2. Requirements: 4 cells (1.5 V each), ammeter, voltmeter, conducting wires, nichrome wire (as resistance), and plug key.
3. Procedure
- Assemble the circuit as per the diagram, using the nichrome wire as the resistor.
- Connect one cell to the circuit and record the readings of the ammeter (current) and voltmeter (potential difference).
- Gradually add cells one by one (up to 4 cells), recording the readings each time in a table.
- For each case, calculate R=`"V"/"I"`.
- Plot a graph of potential difference (V) on the y-axis and current (I) on the x-axis.
Verification of Ohm’s Law
4. Observation Chart
| No. | Cells Used | Current (I) (mA) | Current (I) (A) | Potential Difference (V) | R = V/I (Ω) |
|---|---|---|---|---|---|
| 1 | 1 | 50 | 0.05 | 1.5 | 30 |
| 2 | 2 | 100 | 0.10 | 3.0 | 30 |
| 3 | 3 | 150 | 0.15 | 4.5 | 30 |
| 4 | 4 | 200 | 0.20 | 6.0 | 30 |
5. Graph
The graph above illustrates the relationship between current (I) and potential difference (V) based on the provided data.

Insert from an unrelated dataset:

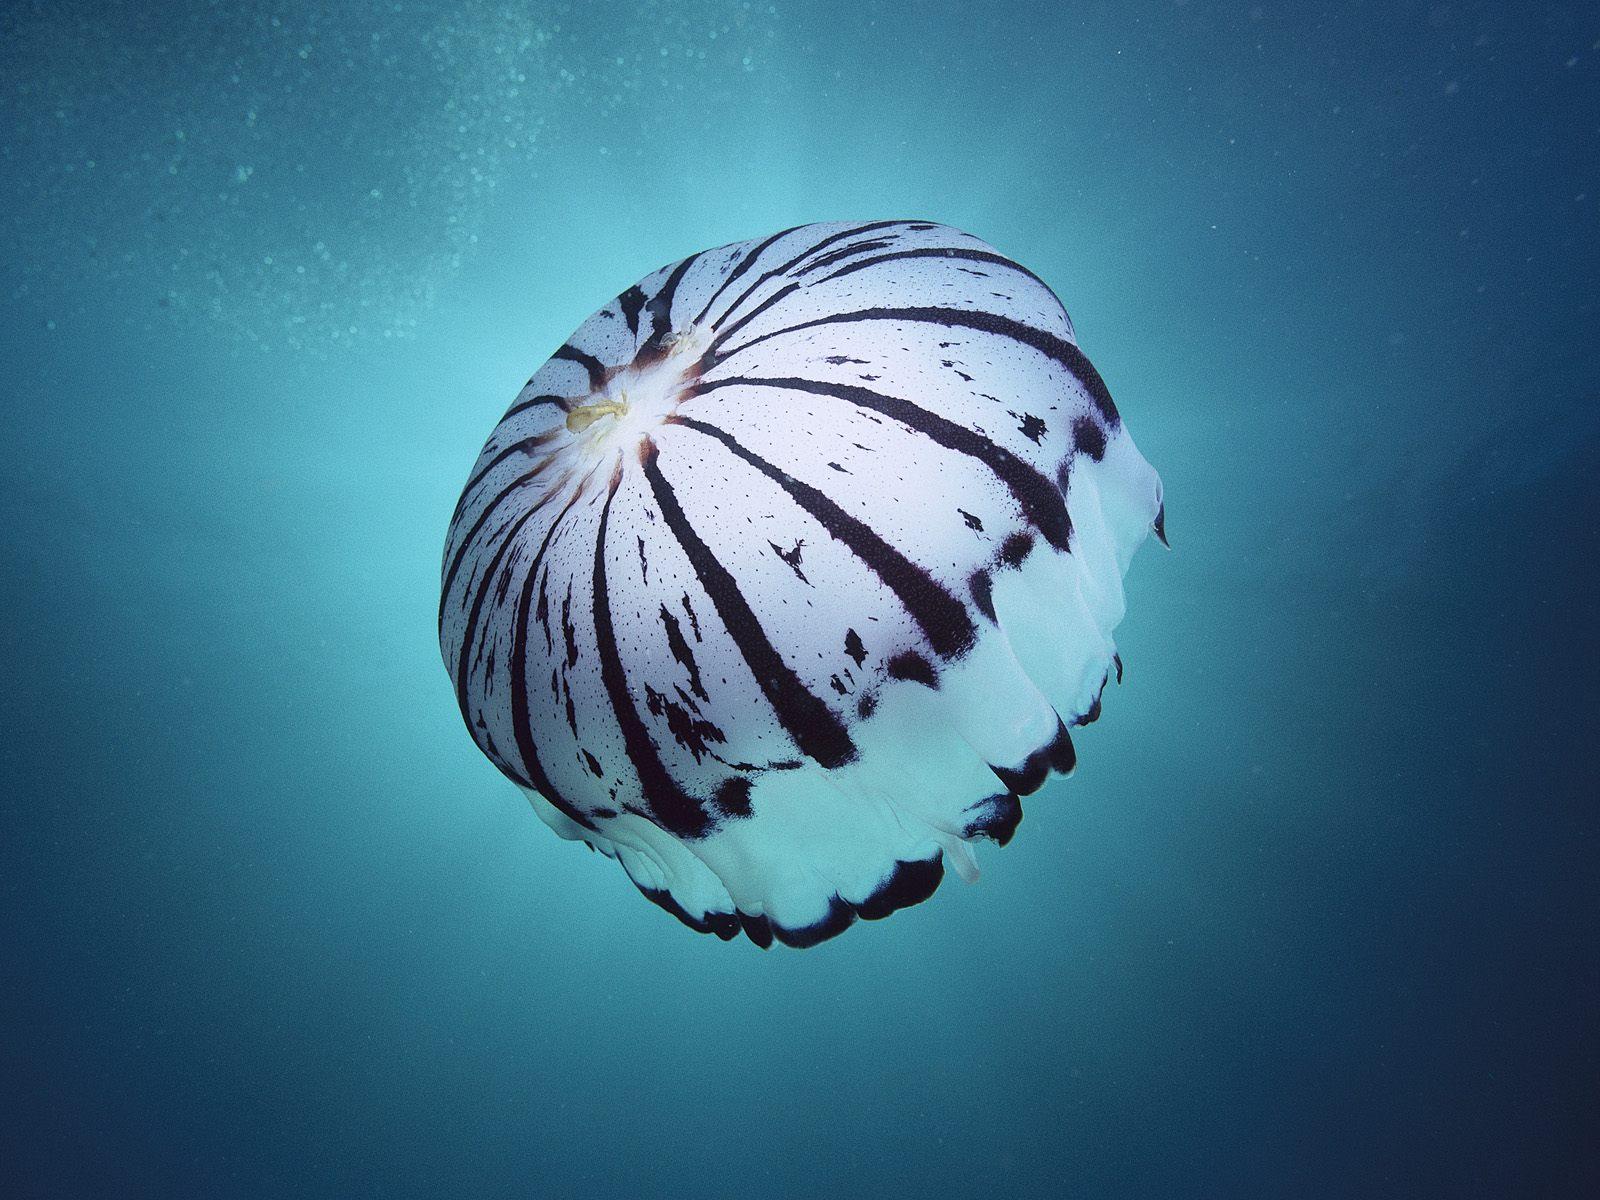 http://1.bp.blogspot.com/-Jat3IbFQDkU/UR08ix8nshI/AAAAAAAAAF4/FsE6aPZxqnU/s1600/Purple-Striped+Jellyfish,+Southern+California.jpg

It is a straight line, indicating that V∝I, which confirms Ohm's Law. This linear relationship shows that the resistance (R) of the conductor is constant.
6. Conclusion: The graph between current (I) and potential difference (V) is a straight line passing through the origin, confirming that V∝I. The ratio `"V"/"I"`=R remains constant, verifying Ohm's law. Resistance (R) of the nichrome wire is found to be constant at 30 Ω.